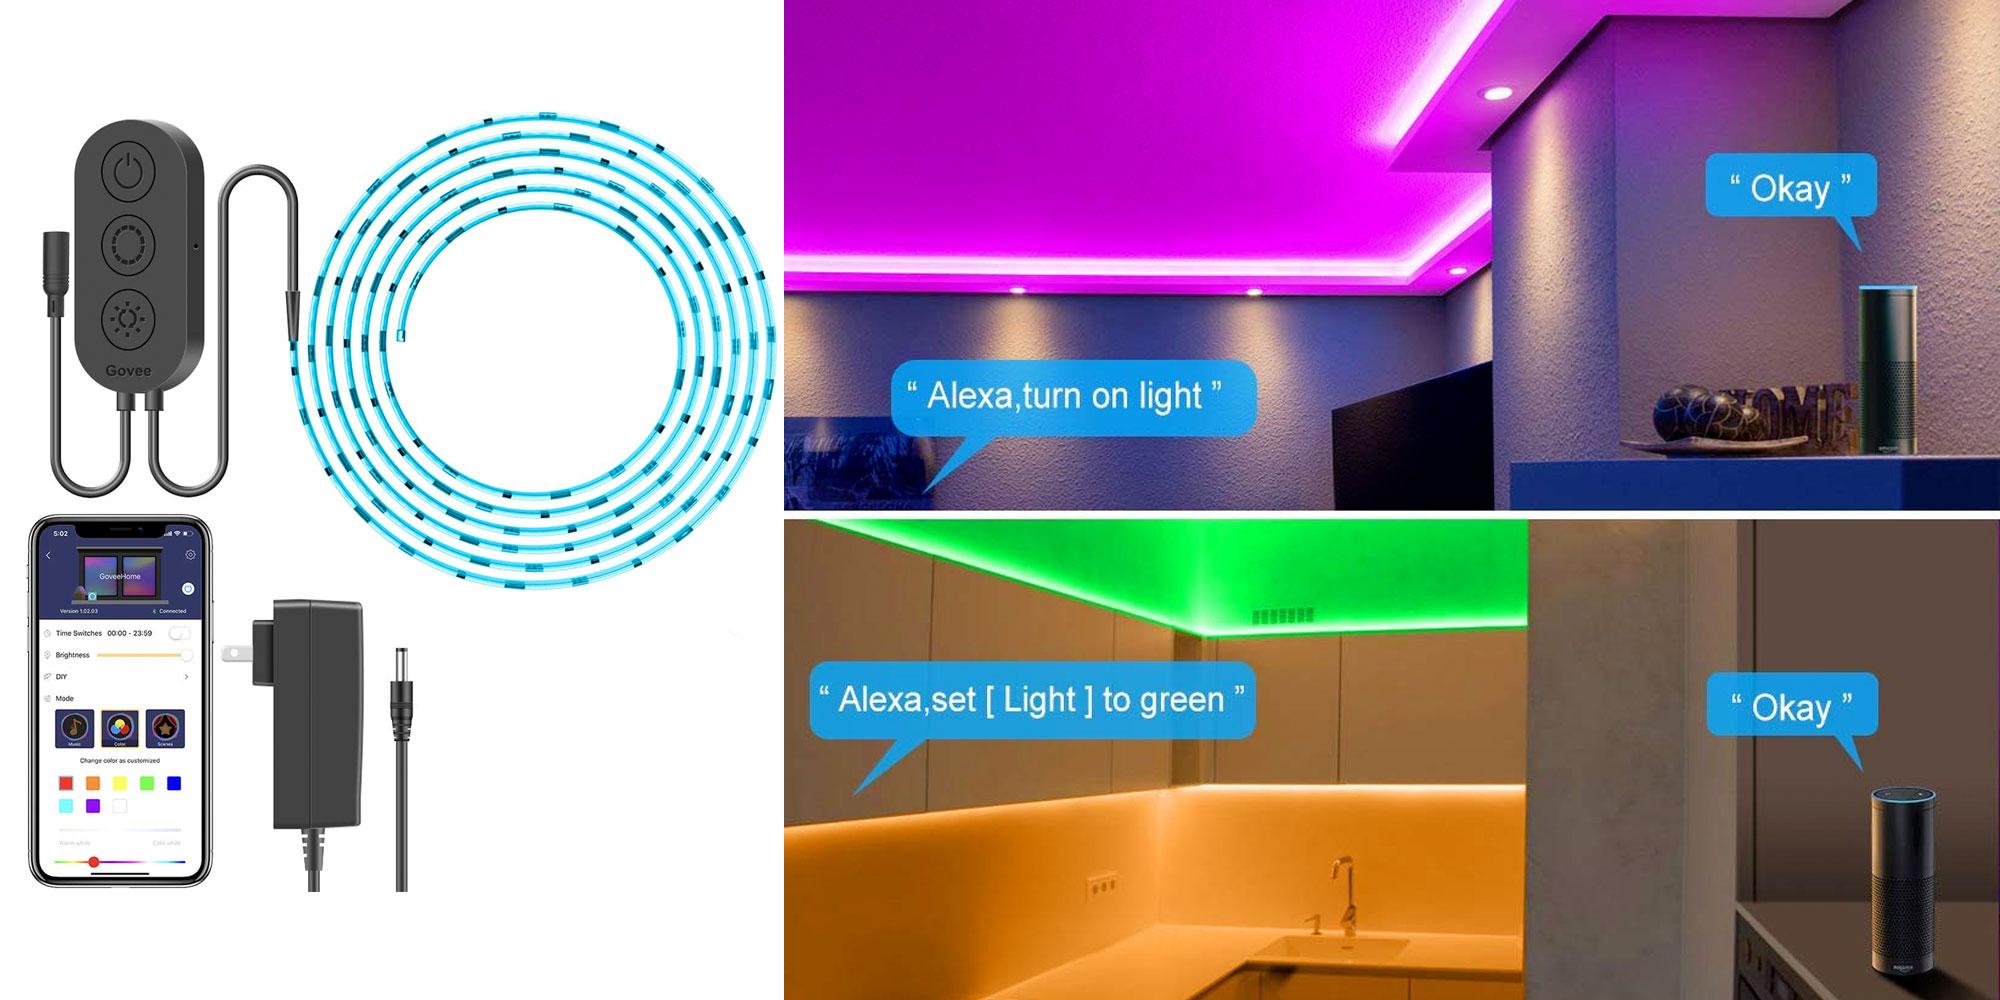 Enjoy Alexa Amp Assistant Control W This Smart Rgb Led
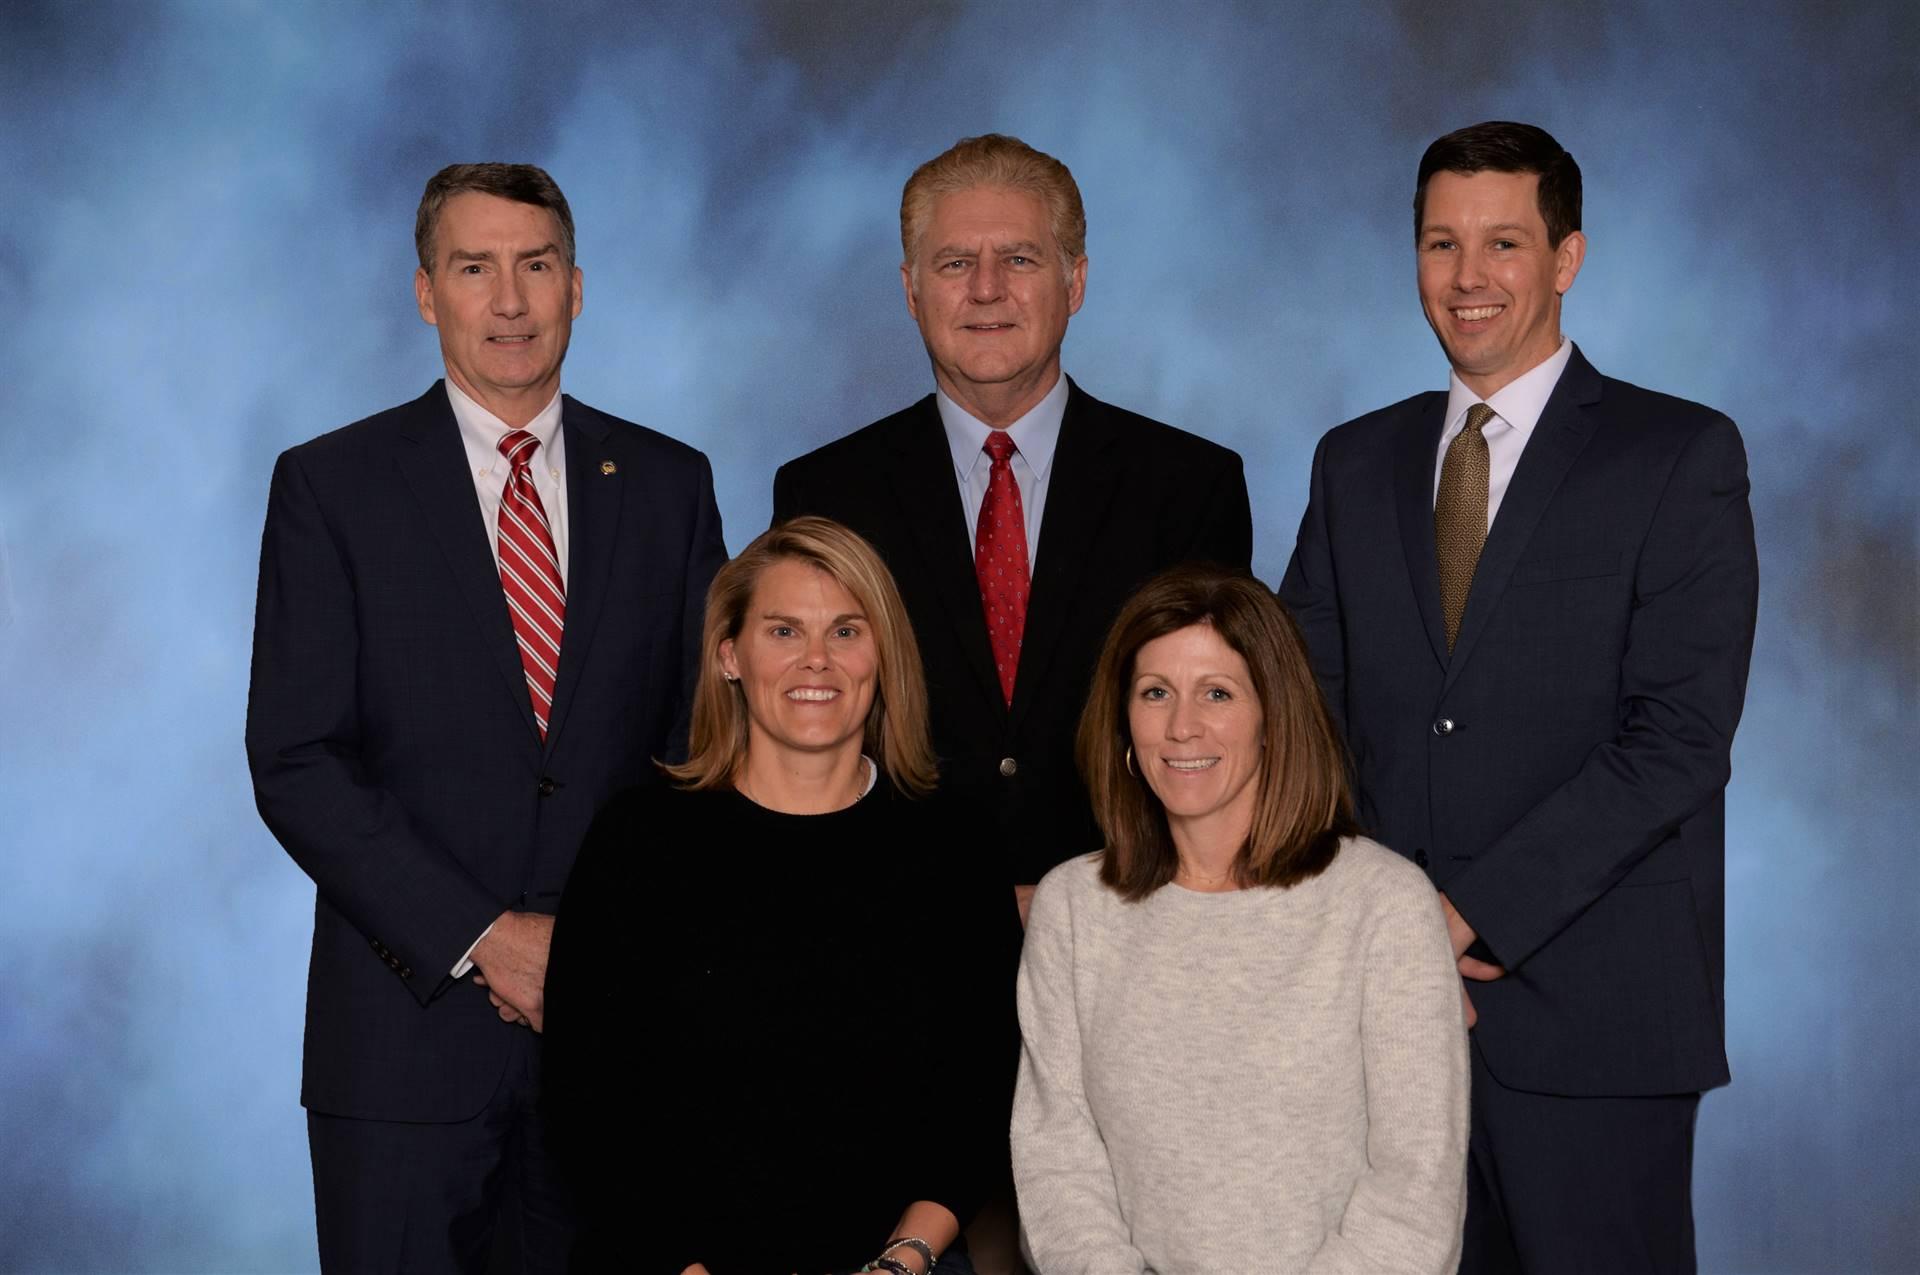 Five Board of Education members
---
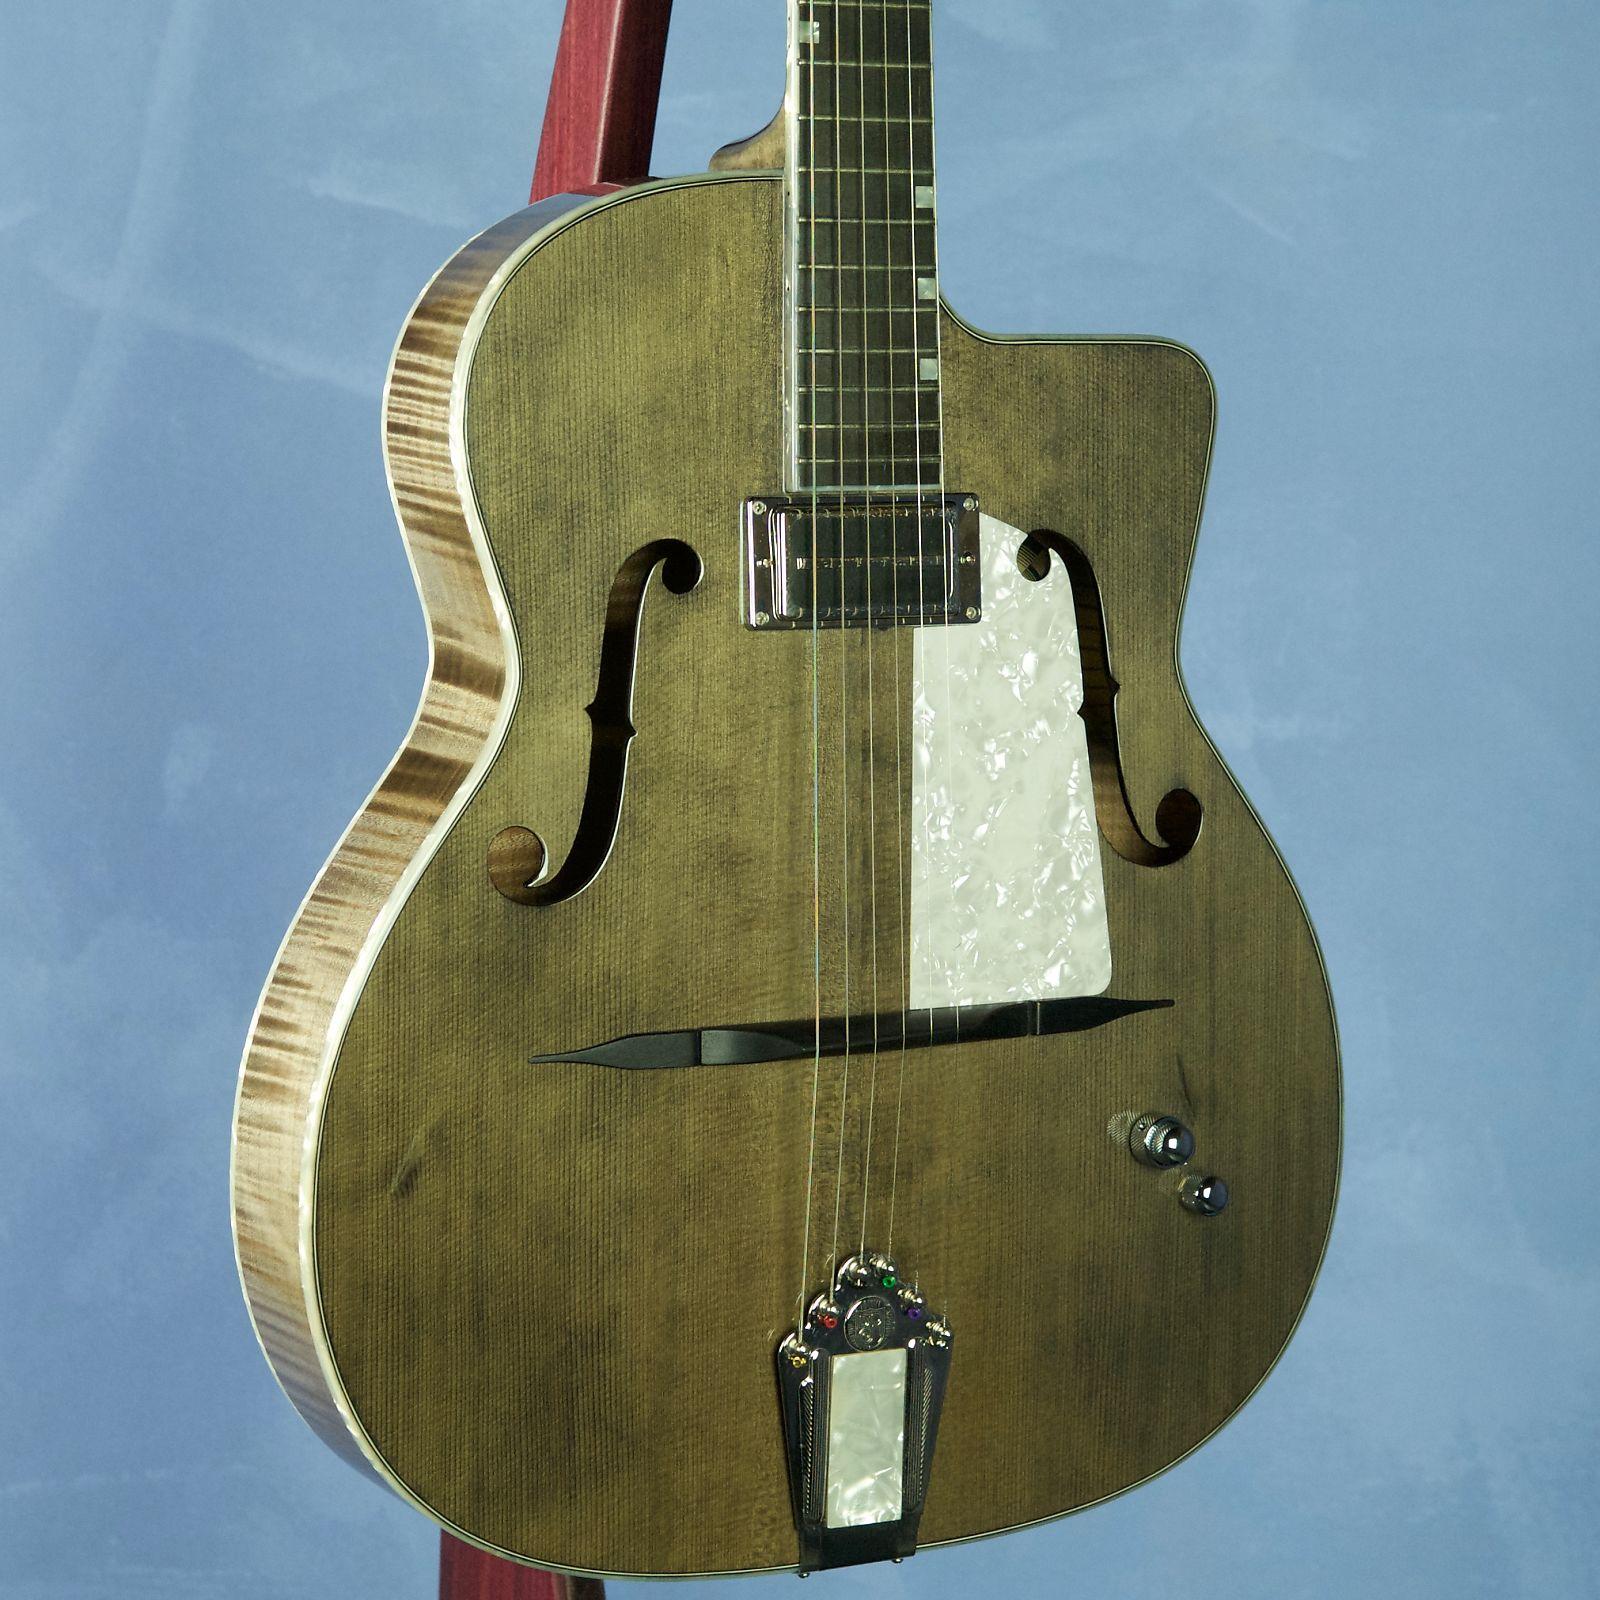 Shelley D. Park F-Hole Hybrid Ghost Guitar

◆ Work item ◆
Take the lines above starting at the one containing "Enjoy Alexa Amp" and ending at the one containing "Five Board of Education members", and print them again exactly, without pictures.

◆ Result of the task ◆
 Enjoy Alexa Amp Assistant Control W This Smart Rgb Led
 Five Board of Education members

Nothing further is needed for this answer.